The Register Citizen (Torrington, CT)
Tough choices ahead on budget talks
As budget talk heats up in Hartford between the governor’s office and the General Assembly, the sense of alarm from varying quarters has grown significantly. Nonprofits say they’re being shortchanged. Higher education leaders warn of layoffs. Municipalities say aid from the state is not keeping up with needs. Everyone is trying to be heard above the din.
It bears repeating that this is happening at a time of unprecedented budget surpluses. This isn’t the bad old days when the future was dominated by red ink. Instead, we’re taking in far more as a state than we’re spending, with the result that we’re paying down long-term obligations and planning a big tax cut, the details of which are yet to be determined.

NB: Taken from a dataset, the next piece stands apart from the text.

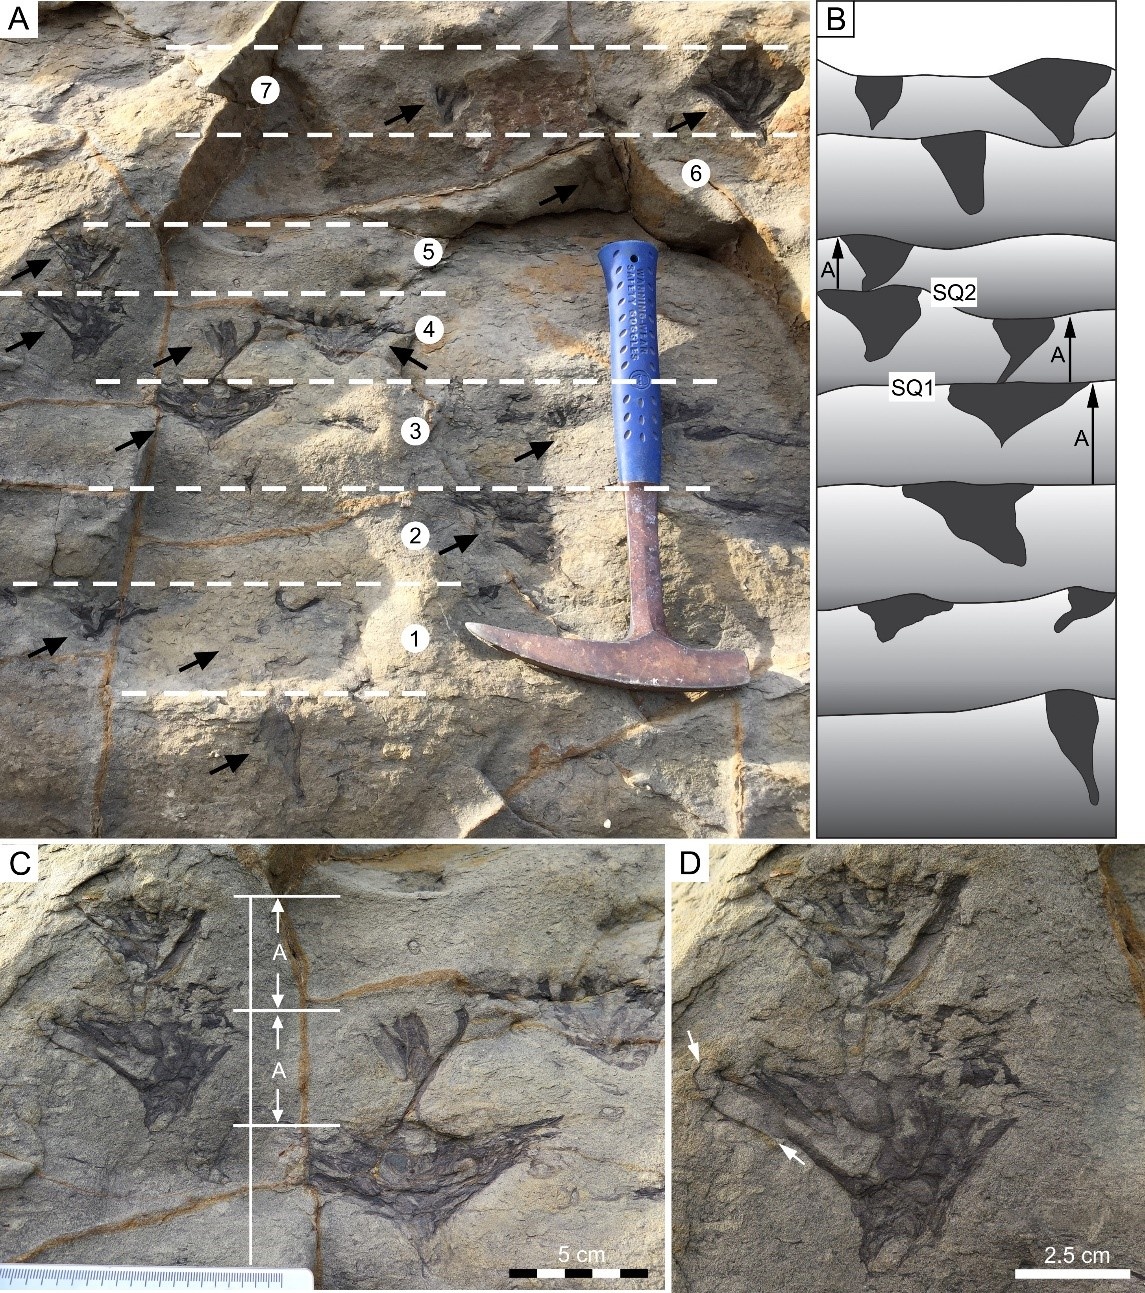 Trace fossils deciphering the ecology of ancient marine animals and sedimentation rate during the deep time ice age during the Permian

To hear from various stakeholders around the Capitol, you’d never know it. The predictions of doom from, to name one interest group, higher education if current budget proposals pass would make you think the budget was in a perpetual deficit.
The issue is the guardrails. The General Assembly, as one of its first orders of business this year, passed rules that severely limit spending options for the next few years to direct surpluses toward paying pension obligations rather than funding new programs. Proponents, including the governor, say this is necessary so that the state doesn’t go right back into crisis once the good times end, as they inevitably will.
Lawmakers may object, but the rules are in place as passed by the Assembly. Now everyone has to live with them. The result is that many people are going to be disappointed with whatever budget is ultimately passed.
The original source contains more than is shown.